Today’s disputed country of Ukraine lies between Russia to its East and Poland to its West. One should keep in mind that Russians and Ukrainians, together with the Byelorussians of Byelorus just north of Ukraine, are historically one people, each however with its linguistic and cultural differences. For over three millennia these peoples, the Slavs, have inhabited parts of the enormous territory now known as Russia extending from the Black Sea eastwards across two continents nearly to Alaska, and from the North Pole to Persia in the South, an area bigger than the entire North American continent and one-sixth of the world’s land surface. Those peoples are known by the linguistic name of East Slavs. (The West Slavs are chiefly Poles and Czechs, the South Slavs Serbs, Croatians and Bulgarians).

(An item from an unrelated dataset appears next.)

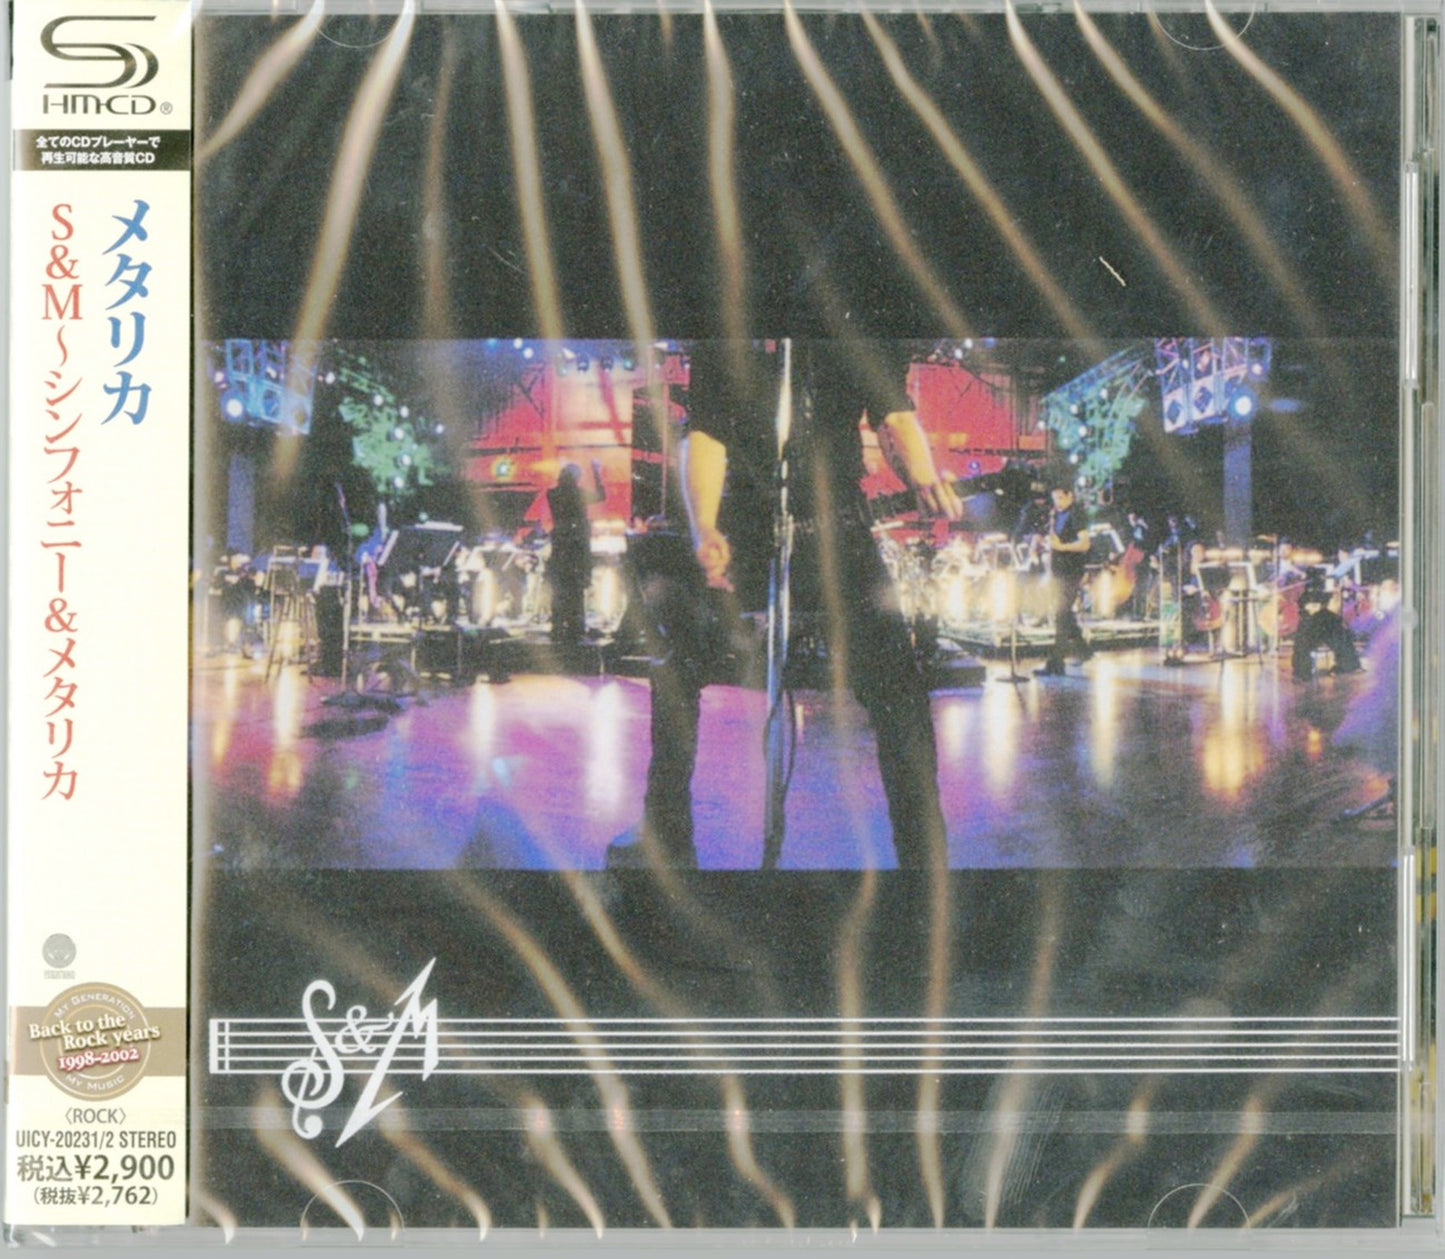 Metallica - S&M - Japan  2 SHM-CD

However, as has been said, “geography may set the stage for history; men make history.” (Nicholas Riasanovsky, A History of Russia.) And what men made Russia’s history! Giants of men. Throughout the ages and across these great lands, hundreds of non-Slavic nationalities and cultures, European and Asian, Mongol and Persian, ancient Summerians and the Iranian-speaking Asiatic Scythians from Central Asia have intermingled. Two of the most international rail stations in the world are Moscow’s Yaroslavsky and Kazansky stations serving hundreds of such peoples from Europe to Asia.
Who are the Russians? you still ask. Telling, the answer of the great Russian poet, Alexander Blok, who wrote: “Yes, we are Scythians. Yes, we are Asiatics. With slanting and greedy eyes.”
Russian tanker crews parade in victory celebration over fascism (2013).
My close friend, a Russian painter and originally an ethnic Russian from Kkarkov in today’s Ukraine, ( I find it difficult to write the Ukrainian Kharkiv) now for forty years in New York, has those slanting eyes, as do his two children, and to a minor degree, his grandchildren. Scythians, Russians, Ukrainians, Europeans, Americans? As much as my Russian-speaking friend tries to speak Ukrainian just to show off, I who do not know Ukrainian as such understand him perfectly. It’s like hearing English with a thick French accent.
Yet Russia shows that continuity is the real stuff of history. Events like the arrival of Christianity in Russia in the 9th century, the Mongol domination over Russian lands from the early 13th century to the late 15th, the Napoleonic invasion in 1812 and the burning of Moscow, World War I and II, and the Russian Revolution each brought about great change at enormous loss in Russian lives.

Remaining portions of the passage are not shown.